Nulla è più adeguato di un esempio per far chiarezza. In una piccola pieve i magnifici affreschi sono coperti da una coltre grigio nerastra. Alla base della muratura crescono ciuffi di muffa bianca. Dalla serie di monofore entrano accecanti fasci di luce, che scaldano la parete antistante.

Sembra tutto tranquillo. Invece gli affreschi stanno subendo un lento ed inesorabile degrado. Come è possibile rallentarlo?

Come prima cosa occorre raccogliere informazioni. Per farlo sono necessarie quelle discipline scientifiche citate pocanzi. Identificare la tipologia di pietra e di malta che costituiscono la muratura e gli intonaci è fondamentale. E’ possibile farlo attraverso le indagini petrografiche e mineralogiche. In laboratorio tramite diverse tecniche diagnostiche come la diffrattometria a raggi x è possibile identificare con estrema precisione i minerali costituenti un frammento di intonaco. Con l’analisi al microscopio elettronico a scansione (SEM) oggi si è in grado di osservare un cristallo di argilla.

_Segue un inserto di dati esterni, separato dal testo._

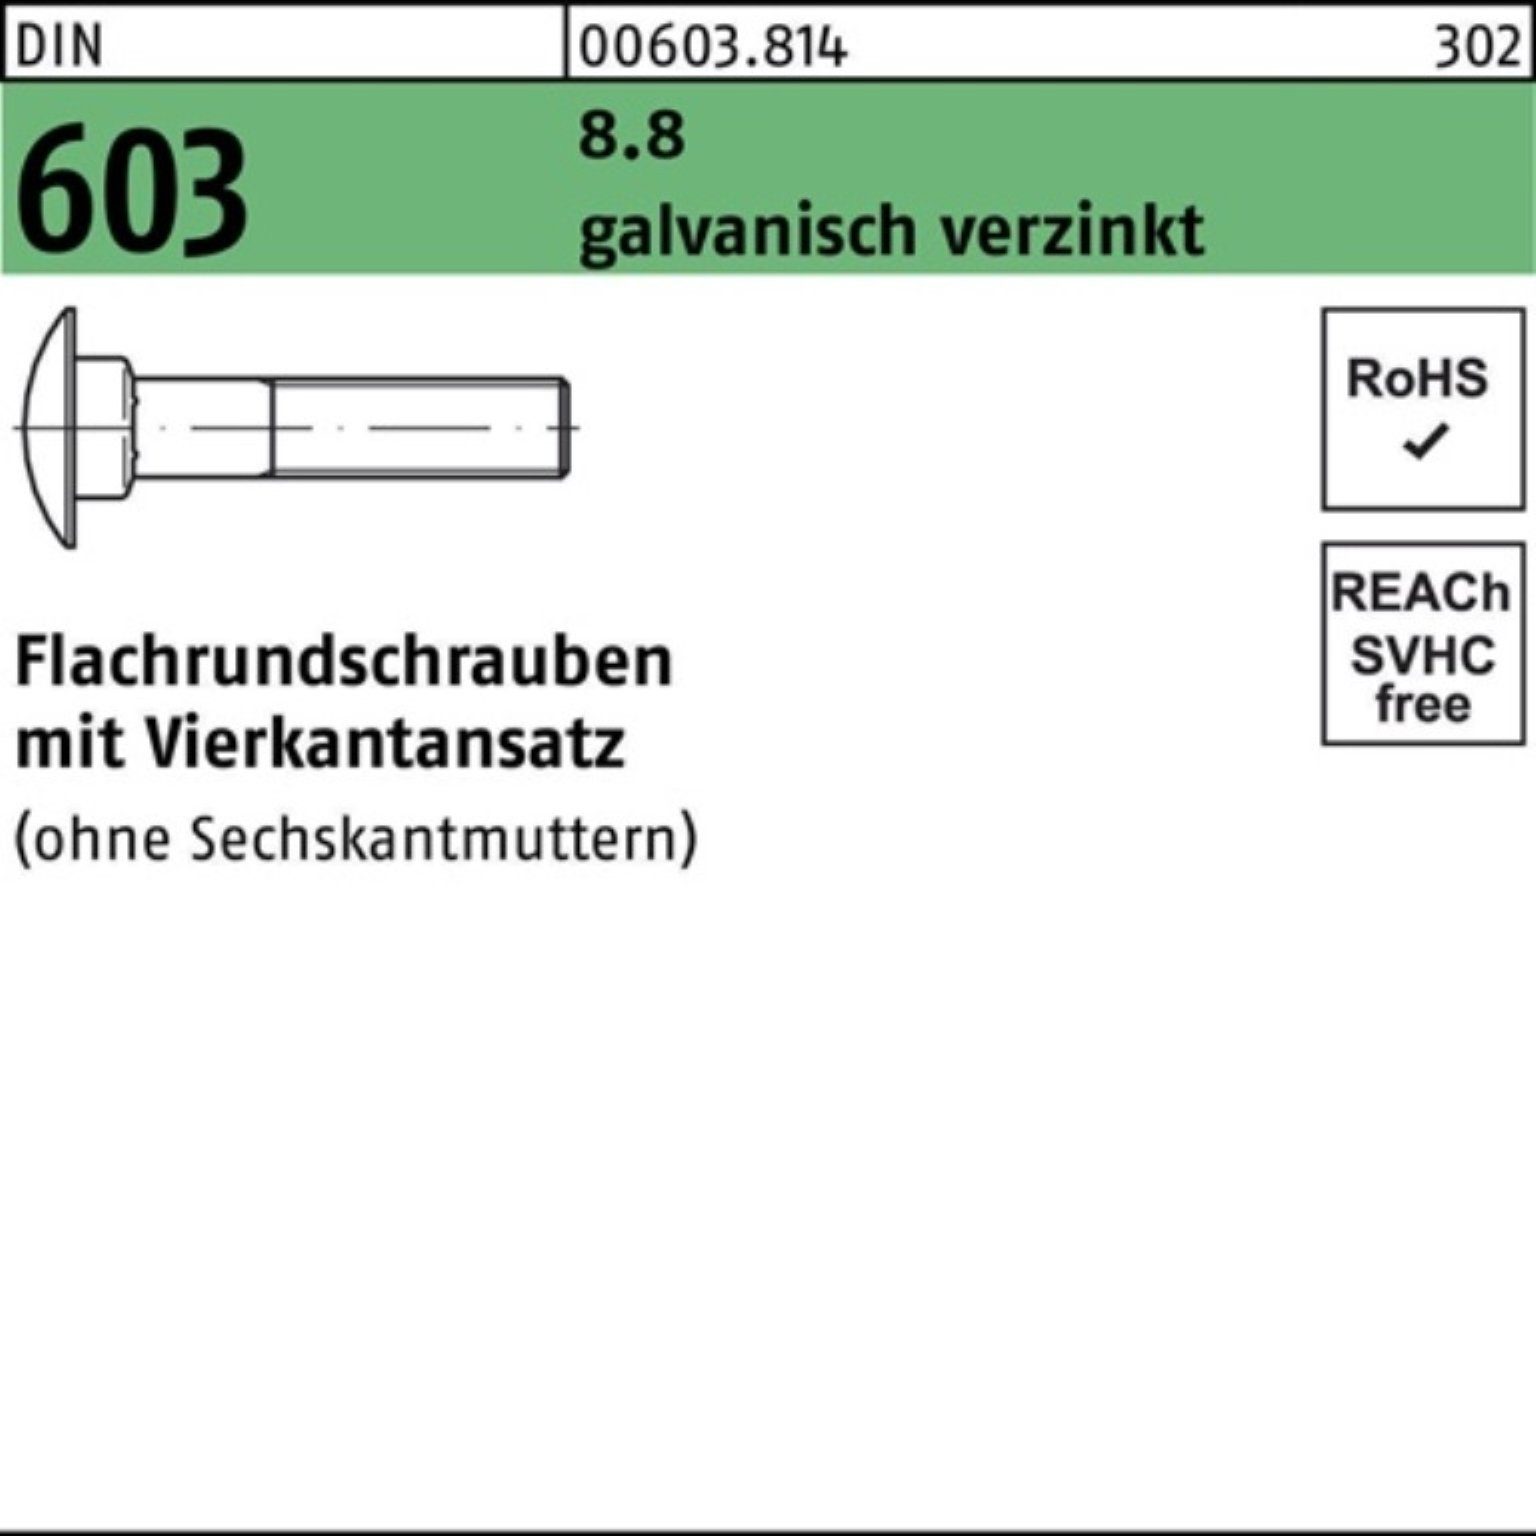 Flachrundschraube Vierkantansatz Schraube Pack 603 M6x20 8.8 galv.ver DIN 500er Reyher

Quella muffa bianca spuntata alla base della muratura in realtà sono cristalli di sale. Sono stati identificati dalle analisi diagnostiche di laboratorio. Normalmente si riscontrano solfati, nitrati, carbonati; terribili cristalli che nella loro crescita esercitano pressioni tali da danneggiare gli intonaci, fino a farli cadere. Ma come li si elimina, senza distruggere la parete? C’è chi li gratta via, ma poi questi rispuntano nuovamente. Che scienze usiamo?

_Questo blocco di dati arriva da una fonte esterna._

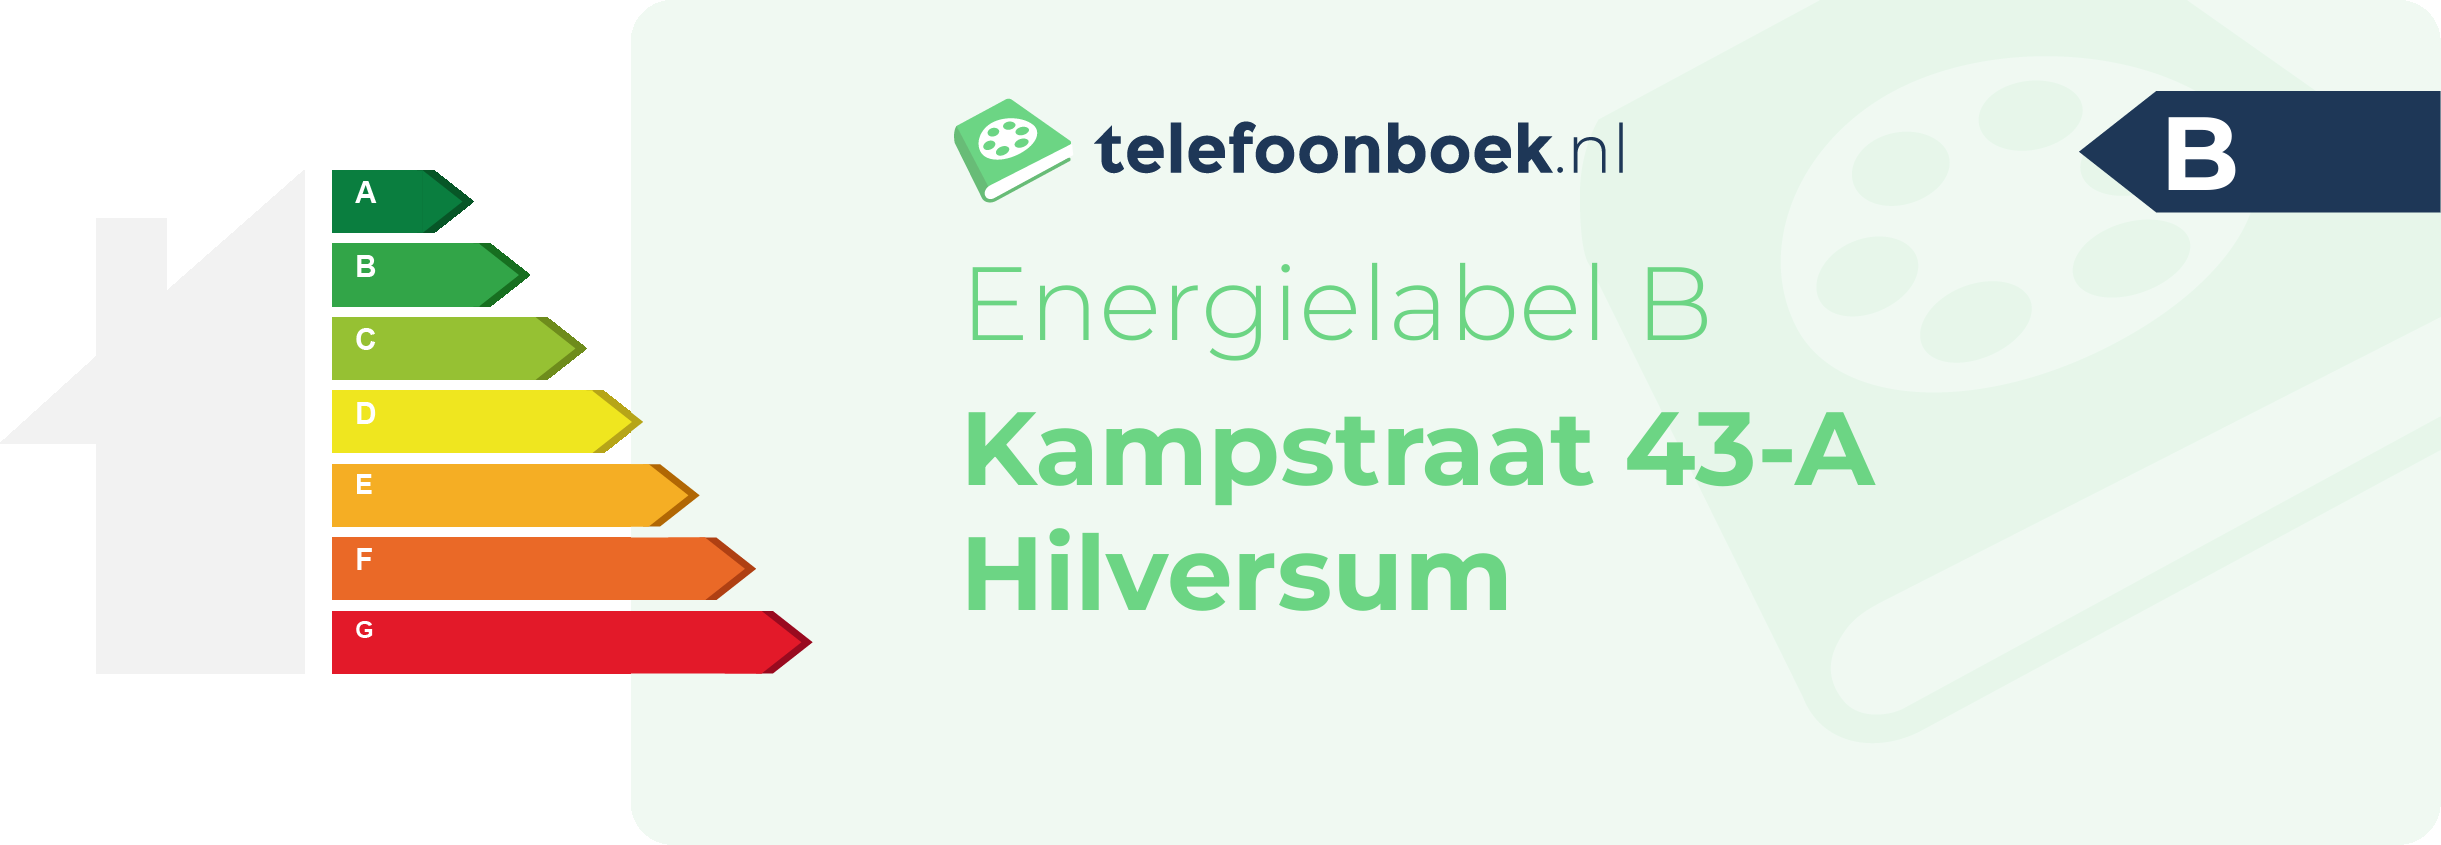 Energielabel Kampstraat 43-A Hilversum

Tramite lo studio della fluidodinamica, l’elettrodinamica, la termodinamica, l’igrometria, la chimica atomica è possibile ottenere quelle conoscenze che permettono di agire anche in maniera non invasiva. Conoscere la struttura della molecola d’acqua e le sue proprietà è un buon punto di partenza. Si ha modo di apprendere in merito al fenomeno di risalita capillare e sulle dinamiche di efflorescenza e sub efflorescenza salina. Ecco che la crescita spontanea dei cristalli di sale ha un senso. E’ dimostrata dalle dinamiche dei parametri ambientali. In particolare a causa di due pesti indisciplinate: la temperatura e l’umidità. Con appositi strumenti da laboratorio si acquisiscono i valori numerici in funzione del tempo, di questi due così detti parametri termoigronometrici. Così che capita di vedere a ridosso delle murature degli strani apparecchi. Questi non sono altro che misuratori di umidità e temperatura come i datalogger. Ve ne sono altri, due in particolar modo saranno usati dopo, sono: il luxometro e il termometro IR. Questi dispositivi vengono lasciati in loco per un periodo prolungato o usati al momento della misura. Alla fine della alla campagna di rilevamento si ottengono dei dati relativi alla situazione generale.

Sapere come varia l’umidità e la temperatura all’interno della piccola chiesetta non basta. Conoscere le cause delle variazioni è il passo successivo. Queste possono essere molte. Quasi tutte sono estrinseche alla piccola pieve. L’orientazione, il clima con le sue frequenti precipitazioni, la composizione del sottosuolo, le dinamiche dell’ecosistema circostante. Si, anche le piante attorno all’edificio fanno la differenza. Ed ecco dunque che oltre a sfruttare nozioni di: meteorologia, geologia e biologia è necessario calarsi nelle profondità di queste, estraendo informazioni anche dalla botanica e la microbiologia.

Una delle cause che sembra avere minor impatto, in realtà è una delle più pestifere. Si tratta dell’orientazione. La piccola pieve è orientata in modo tale che gli affreschi sono colpiti direttamente dalla luce solare per la gran parte della giornata.